Here is a fairly straightforward argument.

First of all, since $\lambda(A+B)=\lambda A+\lambda B$, keeping the $\lambda$ throughout the argument is unnecessary, as it is enough to show that $e^{A+B}=e^Ae^B$.

Second, you have (note that there is a typo in the formula in your question) $$ \sum_{n=0}^\infty\sum_{k=0}^n\Big\|\frac{A^k}{k!}\,\frac{B^{n-k}}{(n-k)!}\Big\|\leq\sum_{n=0}^\infty\sum_{k=0}^n\frac{\|A\|^k}{k!}\,\frac{\|B\|^{n-k}}{(n-k)!}=e^{\|A\|+\|B\|}<\infty, $$ so the double series converges absolutely. This guarantees that the double series converges, and it allows one to exchange the series.

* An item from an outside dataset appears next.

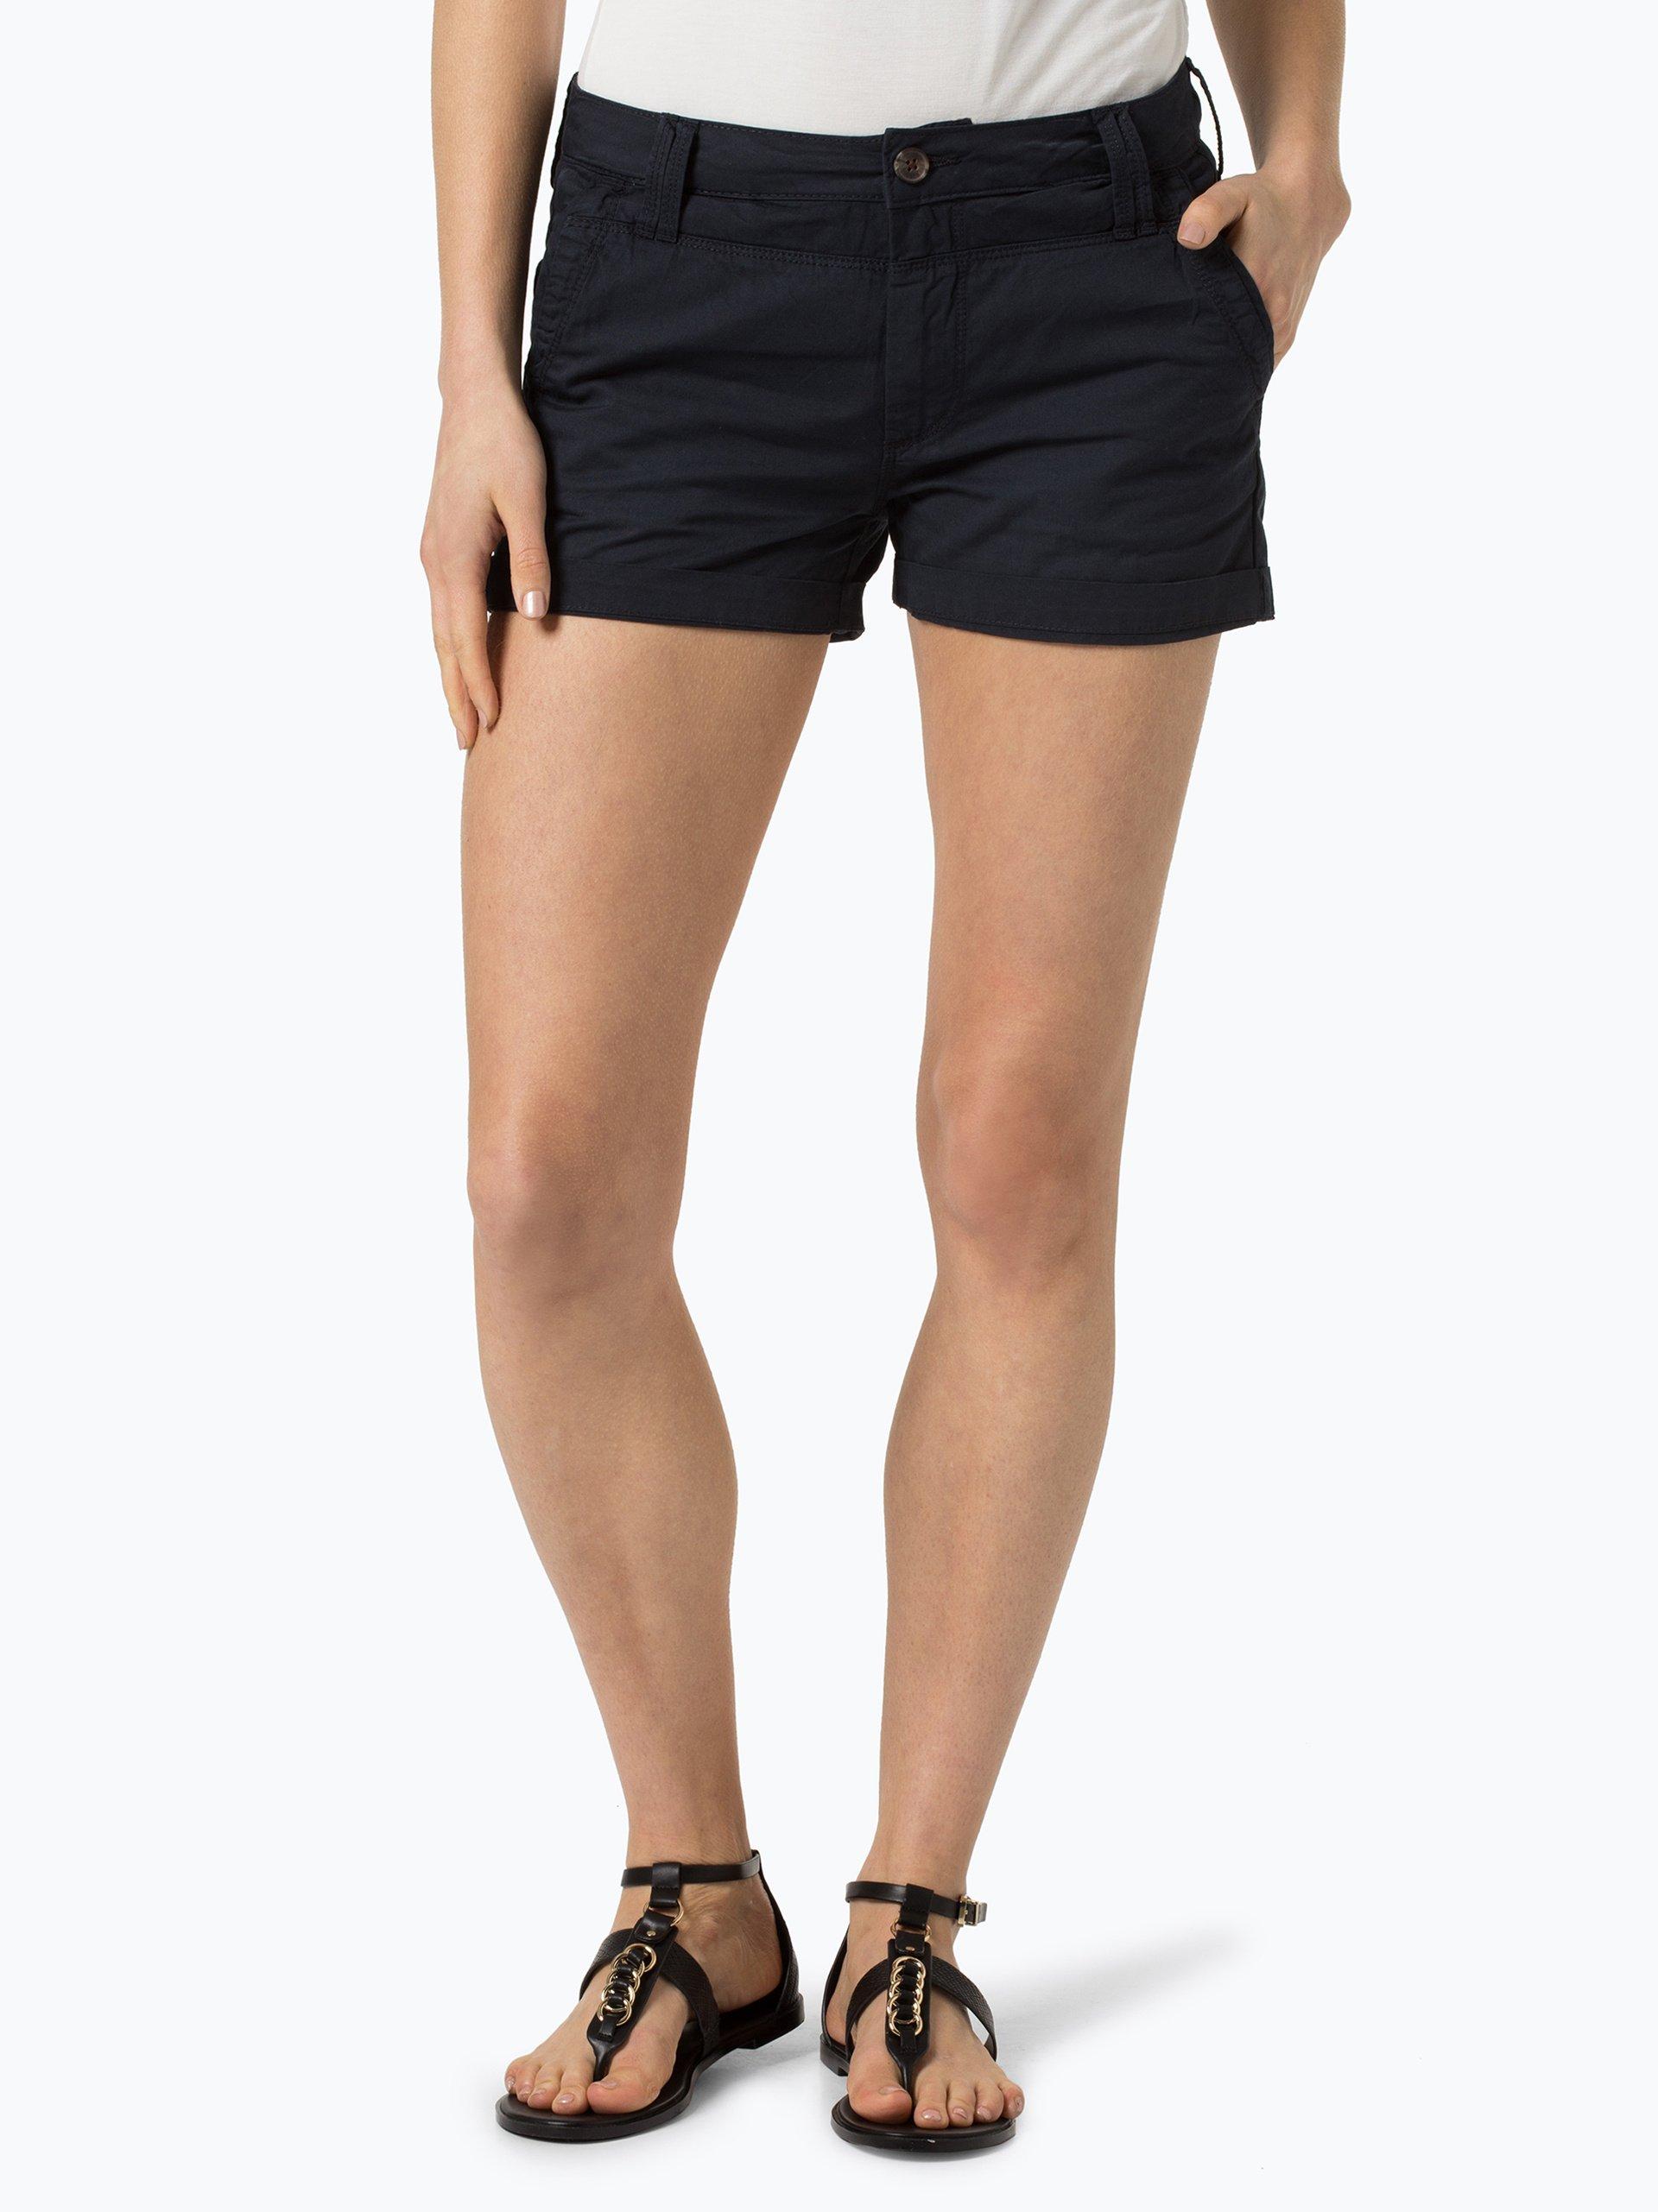 pepe jeans damen shorts balboa marine uni online kaufen vangraaf com. Black Bedroom Furniture Sets. Home Design Ideas

After the above, the proof carries exactly as in the scalar case: if $AB=BA$, $\def\abajo{\\[0.3cm]}$ \begin{align} e^{A+B} &=\sum_{n=0}^\infty\sum_{k=0}^n\frac{A^k}{k!}\,\frac{B^{n-k}}{(n-k)!}\abajo &=\sum_{n=0}^\infty\sum_{k=0}^\infty\,1_{[0,n]}(k)\,\frac{A^k}{k!}\,\frac{B^{n-k}}{(n-k)!}\abajo &=\sum_{k=0}^\infty\sum_{n=0}^\infty\,1_{[0,n]}(k)\,\frac{A^k}{k!}\,\frac{B^{n-k}}{(n-k)!}\abajo &=\sum_{k=0}^\infty\sum_{n=0}^\infty\,1_{[k,\infty)}(n)\,\frac{A^k}{k!}\,\frac{B^{n-k}}{(n-k)!}\abajo &=\sum_{k=0}^\infty\sum_{n=k}^\infty\,\frac{A^k}{k!}\,\frac{B^{n-k}}{(n-k)!}\abajo &=\sum_{k=0}^\infty \frac{A^k}{k!}\,\sum_{n=k}^\infty\,\frac{B^{n-k}}{(n-k)!}\abajo &=\sum_{k=0}^\infty \frac{A^k}{k!}\,\sum_{m=0}^\infty\,\frac{B^{m}}{m!}\abajo &=e^A\,e^B. \end{align}

Answer 2

As with most mathematical struggles, even this one turned out to be something I can answer to, only after having explicitly asked help for it to make the whole process needlessly complicated. In any case, one way to switch the two sums is the following: Define $f(n,\lambda,A) := \frac{(\lambda A)^n}{n!}$ for $n\in\mathbb{N},\lambda\in\mathbb{K},A\in\mathcal{A}$. Then

$$\sum_{n=0}^\infty\sum_{k=0}^nf(k,\lambda,A)f(n-k,\lambda,B) = \lim_{N\to\infty}\sum_{n=0}^N\sum_{k=0}^nf(k,\lambda,A)f(n-k,\lambda,B)\leftrightarrow$$

$$\sum_{n=0}^\infty\sum_{k=0}^nf(k,\lambda,A)f(n-k,\lambda,B) = \lim_{N\to\infty}\sum_{k=0}^\infty\sum_{n=0}^N\chi_{\{k\leq n\}}f(k,\lambda,A)f(n-k,\lambda,B)\leftrightarrow$$

Then, define $S_N(k) := \sum_{n=0}^N\chi_{\{k\leq n\}}f(k,\lambda,A)f(n-k,\lambda,B)$. It follows by continuity of the norm that $\forall N,k\in\mathbb{N}:||S_N(k)||\leq \exp(\lambda (||A|| + ||B||)) < \infty$. Hence by the Lebesgue Dominated Convergence theorem with respect to the counting measure,

$$\sum_{n=0}^\infty\sum_{k=0}^nf(k,t,A)f(n-k,\lambda,B) = \sum_{k=0}^\infty\lim_{N\to\infty}\sum_{n=0}^N\chi_{\{k\leq n\}}f(k,\lambda,A)f(n-k,\lambda,B)\leftrightarrow$$

$$\sum_{n=0}^\infty\sum_{k=0}^nf(k,t,A)f(n-k,\lambda,B) = \sum_{k=0}^\infty\sum_{n=0}^\infty\chi_{\{0\leq n - k\}}f(k,\lambda,A)f(n-k,\lambda,B)$$

$$\sum_{n=0}^\infty\sum_{k=0}^nf(k,t,A)f(n-k,\lambda,B) = \sum_{k=0}^\infty\sum_{n=k}^\infty f(k,\lambda,A)f(n-k,\lambda,B)$$

Then, by taking $l = n - k$ we get

$$\sum_{n=0}^\infty\sum_{k=0}^nf(k,t,A)f(n-k,\lambda,B) = \sum_{k=0}^\infty\sum_{l=0}^\infty f(k,\lambda,A)f(l,\lambda,B)\leftrightarrow$$

$$\sum_{n=0}^\infty\sum_{k=0}^nf(k,t,A)f(n-k,\lambda,B) = \sum_{k=0}^\infty f(k,\lambda, A)\sum_{l=0}^\infty f(l,\lambda,B)$$

from which the claim follows.